Nissan Skyline GT-R s in the USA Blog: RB26 GT5591 Build Up


----------



## tweenierob (Aug 5, 2003)

No shit man!! 

No need....

Rob


----------



## Dynamix (Nov 1, 2007)

tyndago said:


> All the Supra guys are doing it.... is that like saying " all the cool kids are doing it" ?
> 
> I think this guy might need some more displacement to get this GT5591 to spool on a 2.6.
> 
> Nissan Skyline GT-R s in the USA Blog: RB26 GT5591 Build Up


Wow... thats the biggest turbo i've ever seen squeezed into a gt-r engine bay, and quite possibly the worst responive one aswell. Do you know what that guy is aiming to do with the car, because anything else but full on drag is a total waste imho. 

An another note spoolimports.com is developing a 3.3L crank/stroker kit for the RB30. Here is a quote from the owner of spool imports on skylinesaustraila who is making them up. Hope he doesn't mind me quoting from the SAU posts. 



> My stroker crank is getting closer.
> The drawing is finished .Final measurements are 93mm stroke - this will make 3317cc with a 1mm over bore. I will also make a 95mm stroke 3388 cc( but the block will require a little clearancing )
> Custom rods will be needed also, these will be I beams and come in the kit as well as pistons.
> The first crank should be here early next year.
> ...


----------



## tyndago (Oct 24, 2002)

Dynamix said:


> Wow... thats the biggest turbo i've ever seen squeezed into a gt-r engine bay, and quite possibly the worst responive one aswell. Do you know what that guy is aiming to do with the car, because anything else but full on drag is a total waste imho.
> 
> An another note spoolimports.com is developing a 3.3L crank/stroker kit for the


Its actually in a 240SX(UScar) - S13. Drag racing and the Texas Mile...

SW did 241 mph in the last Texas Mile event. 

Nissan Skyline GT-R s in the USA Blog: Toyota Supra at the Texas Mile 241.8 mph


----------



## Dynamix (Nov 1, 2007)

tyndago said:


> Its actually in a 240SX(UScar) - S13. Drag racing and the Texas Mile...
> 
> SW did 241 mph in the last Texas Mile event.
> 
> Nissan Skyline GT-R s in the USA Blog: Toyota Supra at the Texas Mile 241.8 mph



Jesus thats alot of speed, dont know how safe i'd feel in an rps13 chassis with the gt55/rb26 combo!


----------



## tyndago (Oct 24, 2002)

Dynamix said:


> Jesus thats alot of speed, dont know how safe i'd feel in an rps13 chassis with the gt55/rb26 combo!
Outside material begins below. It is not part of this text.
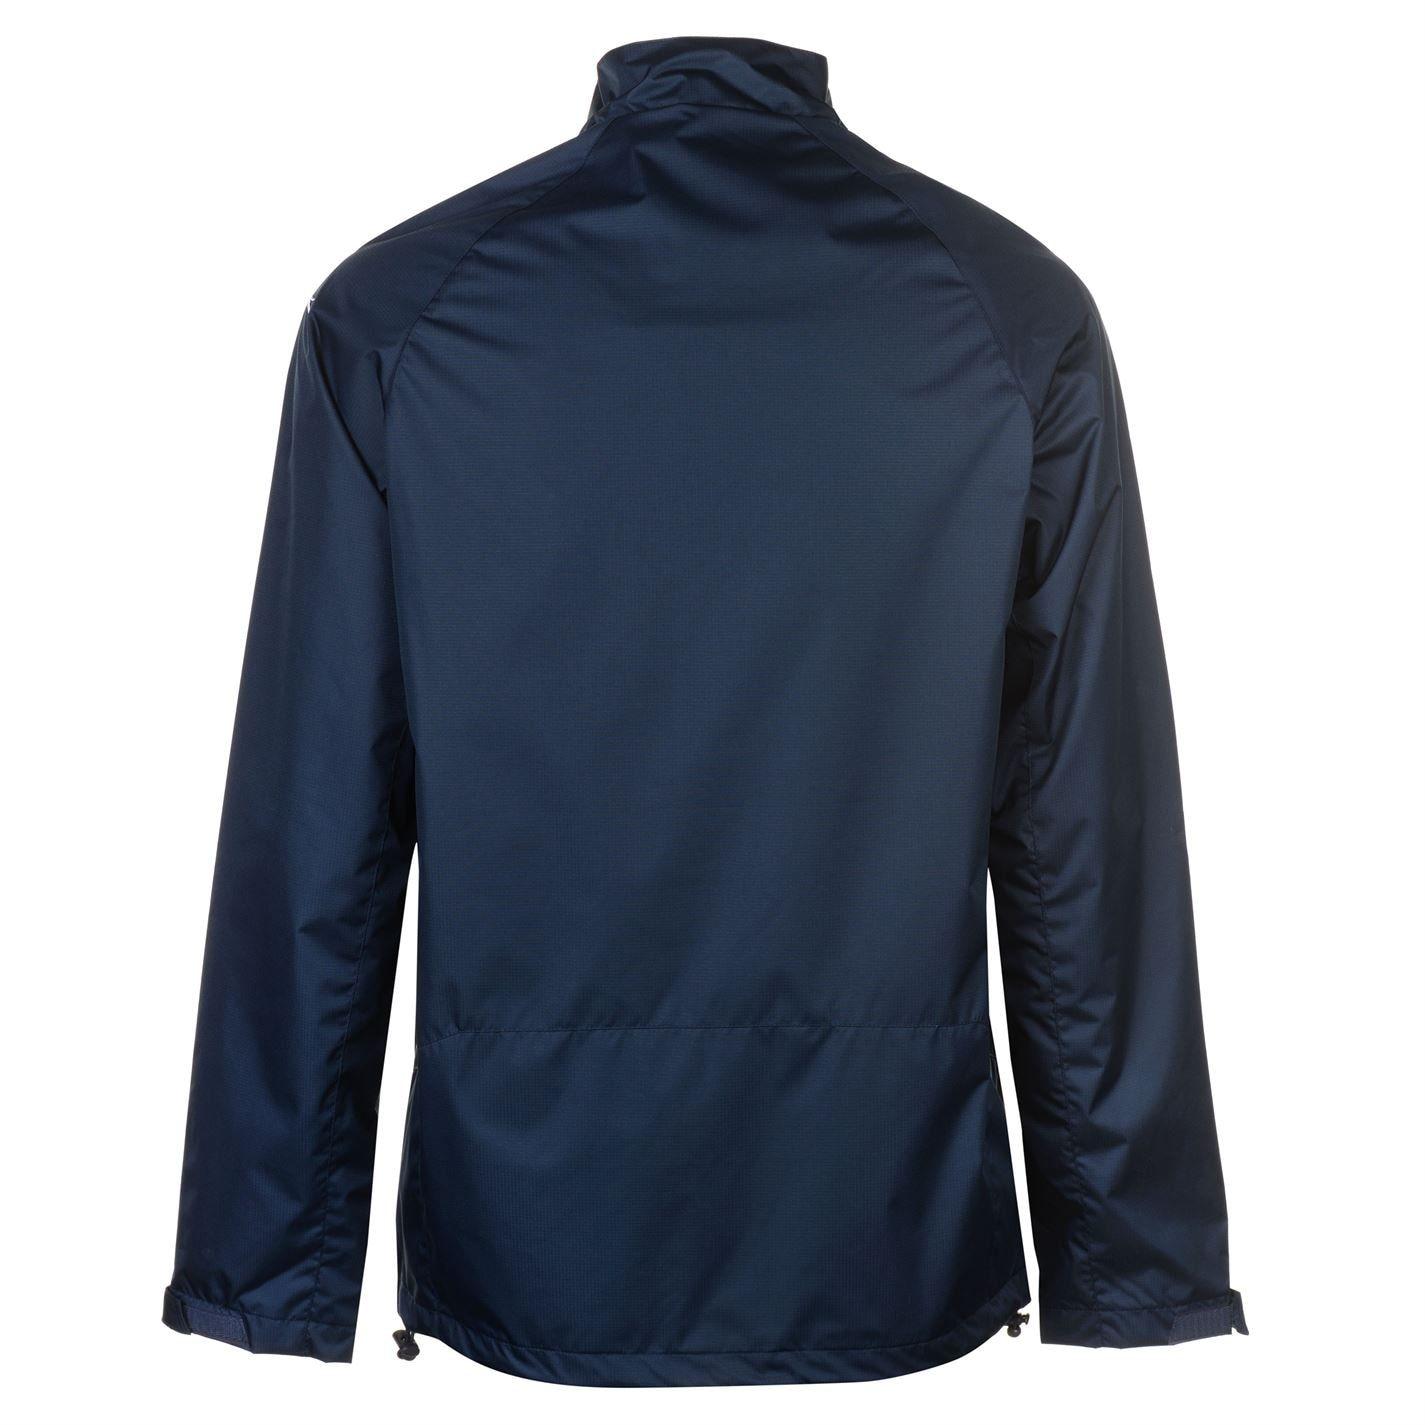 Slazenger Mens Water Resistant Jacket Waterproof Full Zip Long Sleeve Tops

I don't think that most things would feel safe at 230+ mph. Aki from Garage Bomber said he was going to take his R32 GT-R out to the Texas mile next year. He thinks he will go 200 mph+.


----------



## boomerkk (Sep 5, 2008)

gibson said:


> The RB30 is the DADDY 2.8 is mummys pushchair ..MUUUUHHHHHaaaaa
> 
> 
> 1. Gibson Nissan RB30
> ...


interesting list.


----------



## Tommy F (Oct 31, 2005)

boomerkk said:


> interesting list.


Yes it is but there is a Baby blue R32 missing off the list lol


----------



## R.I.P.S NZ (May 7, 2004)

Tommy F said:


> Yes it is but there is a Baby blue R32 missing off the list lol


Spot 17 is free.

Are any of the RSP RB30s 4wd?


----------



## tweenierob (Aug 5, 2003)

Either 18 or 8 is free also as they are the same car lol

Rob


----------



## boomerkk (Sep 5, 2008)

which shop has done the most conversions? 

from the list, sky-engineering and rising sun have both done 3 cars...


----------



## matt j (Oct 19, 2001)

boomerkk said:


> which shop has done the most conversions?
> 
> from the list, sky-engineering and rising sun have both done 3 cars...
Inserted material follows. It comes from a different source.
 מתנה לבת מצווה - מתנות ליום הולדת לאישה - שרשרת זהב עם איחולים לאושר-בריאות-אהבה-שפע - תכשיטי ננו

And RIPS have done more than them both added together...


----------



## boomerkk (Sep 5, 2008)

matt j said:


> And RIPS have done more than them both added together...
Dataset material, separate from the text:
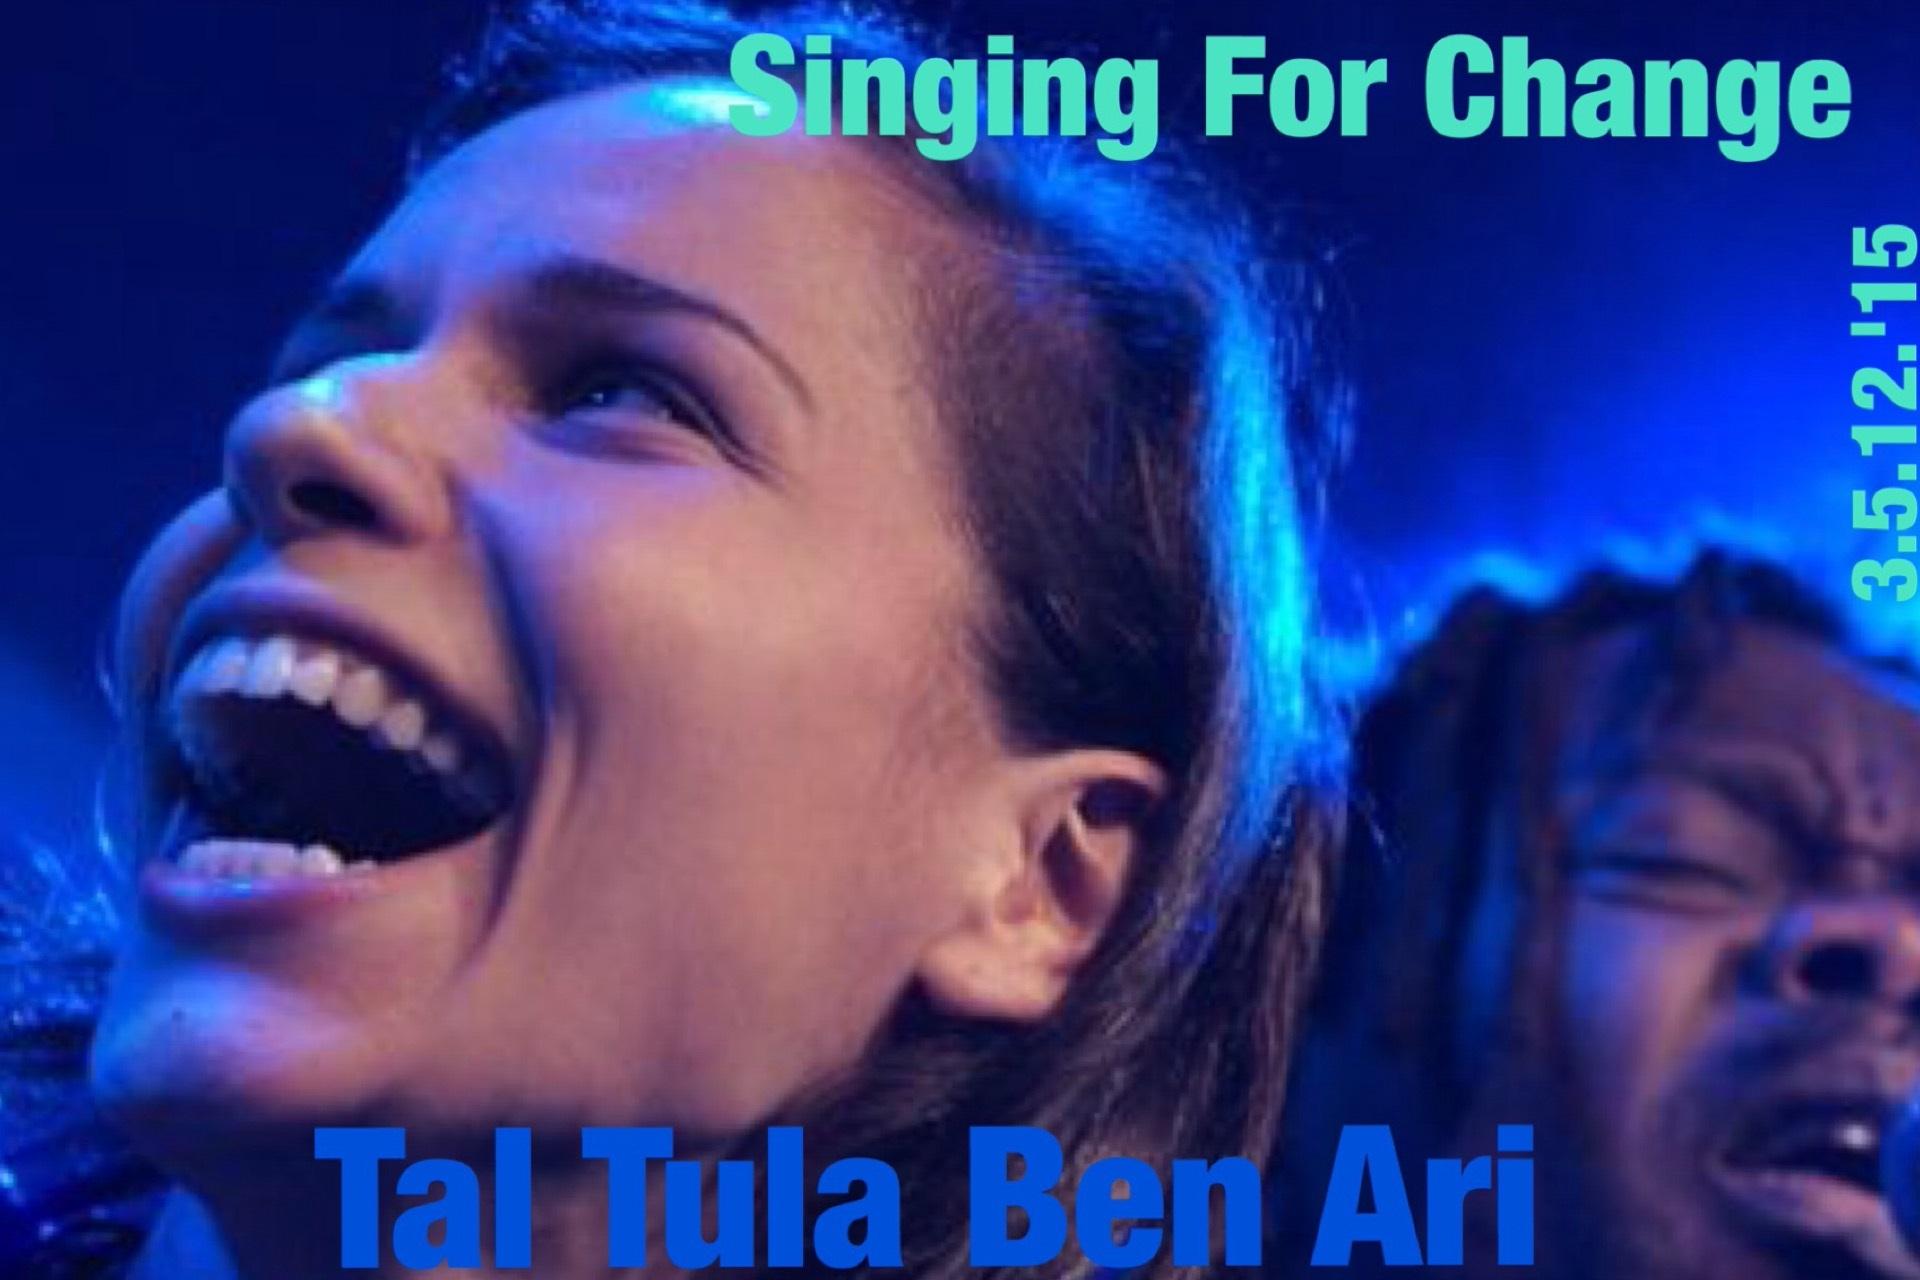 טולה בסטודיו טוביאנה בעזוז

No I mean shops in the UK - which shops install the RIPS engines?


----------



## matt j (Oct 19, 2001)

boomerkk said:


> which shops install the RIPS engines?


At a guess, anyone you want in the current climate. :nervous:


----------



## boomerkk (Sep 5, 2008)

matt j said:


> At a guess, anyone you want in the current climate. :nervous:


Sorry for my tenses.

I meant who install*ed* the RIPS engines?

Just wondering which shop has got the most experience with the rb30.


----------



## matt j (Oct 19, 2001)

Apart from RIPS themselves, Abbey and Perfect-Touch have installed them I think.


----------



## boomerkk (Sep 5, 2008)

matt j said:


> Apart from RIPS themselves, Abbey and Perfect-Touch have installed them I think.


Ah thanks! that was what I was after.

So

Abbey - ? units of RB30
Perfect touch - ? units of RB30
Sky engineering - 3 units of RB30
Rising Sun - 3 units of RB30


----------



## R.I.P.S NZ (May 7, 2004)

We have supplied abbey with a few 30s, Sky engineering with a few RB30s and quite a few parts so there engines are RIPS not Sky (unless they have done there own as well?) , I also think we have possibly sold rsp RB30s?, but I'd have to check.
Perfect touch has done an conversion with one of my 30s and so has Tweenie and probably a few others.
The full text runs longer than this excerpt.